I wanted to tell her that I was just a mere Senior high school student and that I did not understand more than half of what she just said, but then again I was the one who sort of guilt tripped her to doing this so basically I really had no right to complain.

“This amnesia causes your recent memories to be lost whilst sparing your remote memories, that’s like your childhood memories or memories that happened months and years prior to the incident. Semantic and Procedural memories are also spared, those explain why you can still remember the first or the fortieth president and remember how to read or write,” she carried on, adjusting her glasses as she did so.

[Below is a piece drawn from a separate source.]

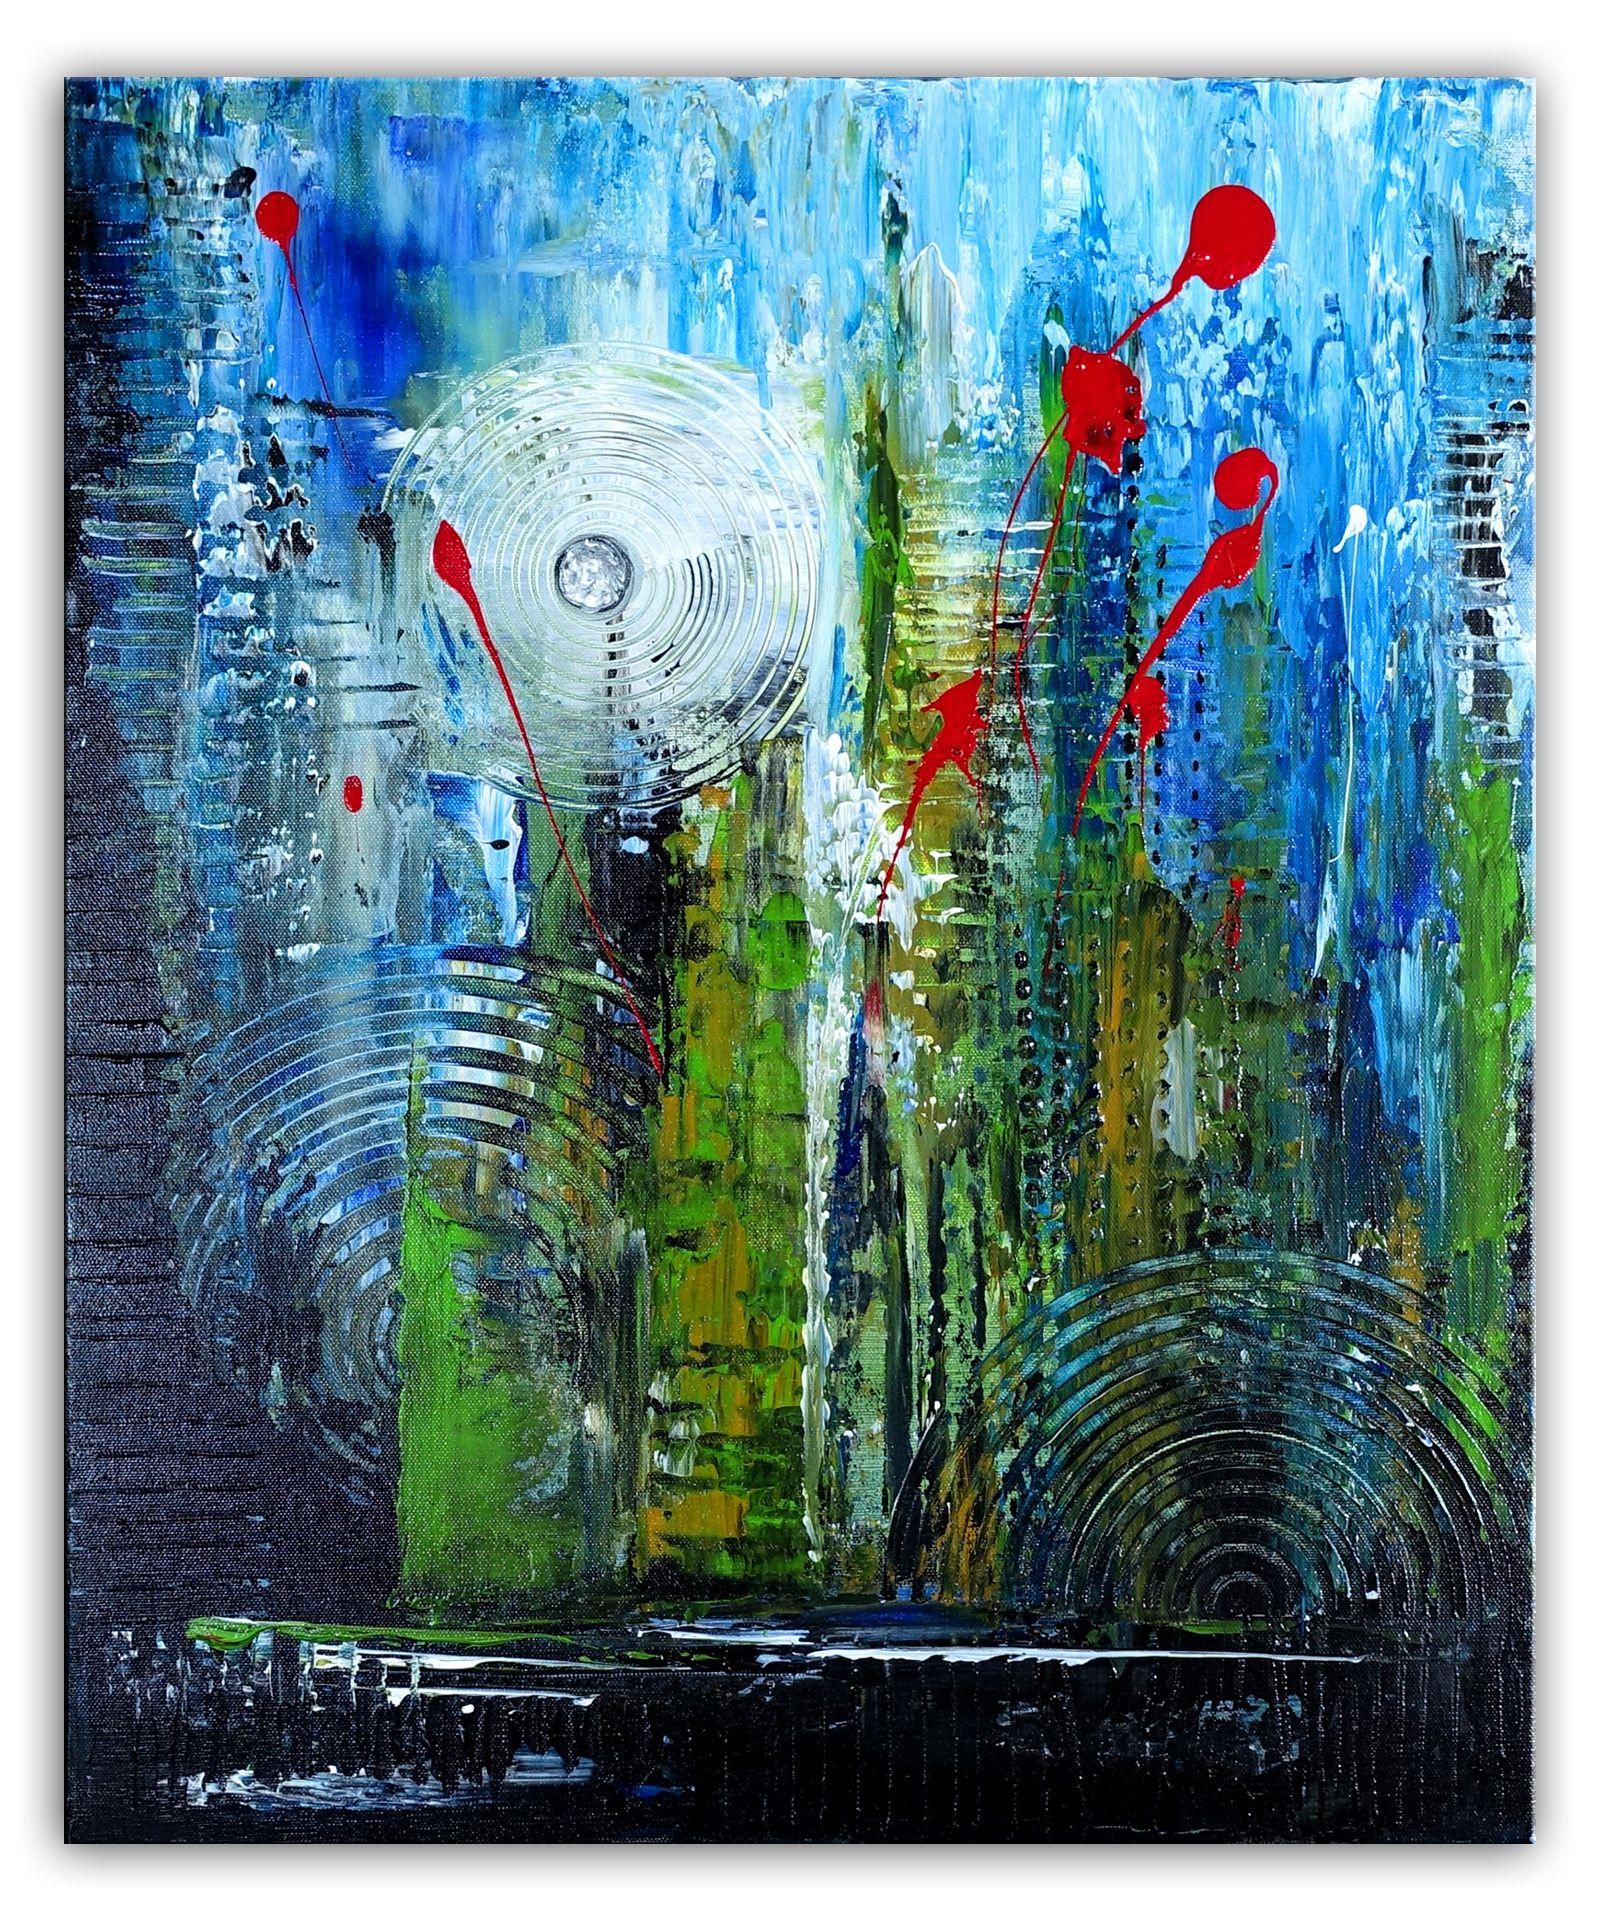 251 Verkaufte Abstrakte Malerei Rot Blau Querformat Abstrakte Wandbilder Original Gemalde Kunst Malerei Kunstwerke Unikat Abstrakte Malerei Abstrakt Malerei

In all fairness to her, she was really trying her best to explain to me what Retrograde Amnesia was all about, so I nodded my head at her explanation and as a matter of fact I actually understood what she said.

“So, can I still remember my lost memories?” I asked her drawling on my words. I was actually quite conscious that I’d show her how ignorant I actually was.

Her smile was forced, I could tell because it looked like she was biting her cheeks from the inside and the look in her eyes had pity written all over its greenness, and in that moment I could actually tell what she was about to say next.

“Usually, from the patients I had before, they weren’t able to remember those memories at all. Actually, events that happened nearest to the cause of the memory loss is almost always never recovered,” Doctor Martin replied and God I never knew it was possible to lose hope until now.

My face fell at what I heard and his face was the first thing that came to my mind, the face that reminded me of a bitter cold Winter we never experienced, yet deep down inside was a heart resembling a warm and blooming summer, so loving and caring and bright. My heart was close to breaking and I was sorry, I was so sorry that I failed him, and most importantly I failed myself.  

Doctor Martin studied my face like it was one of her samples sprawled on a Petri dish and studied under a microscope, “don’t worry, they say nothing’s impossible right? Maybe you could be the exception.”

I smiled at her attempt to cheer me up and thanked her for her time. I just don’t know what to do next now that I’ve uncovered the medical aspect of this gosh forsaken disease, and it sounded even worse than what I had in mind. 

As I went out of her office, I saw Claude sitting on one of those metallic hospital chairs that seemed to be connected to one another by solid metal bars. He was holding a magazine in hand, something with an architectural structure on its front cover. I smiled at my brother, yep he’s going to study Architecture in college, I’m almost sure with that.

“So how did it go?” He asked as he looked up from his magazine.

I didn’t expect to get all teary-eyed at his question but I just ran to him and he understandingly wrapped me in his embrace. I tried to stifle my cry but it was too late, tears were starting to fall on his shoulders.

“There there sis,” he said as he ran his fingers through my hair, “it’s okay, you’ll recover soon.”

I snorted at that as I pulled away from him, “she said there’s a huge possibility that I won’t be able to remember the memories I’ve lost.”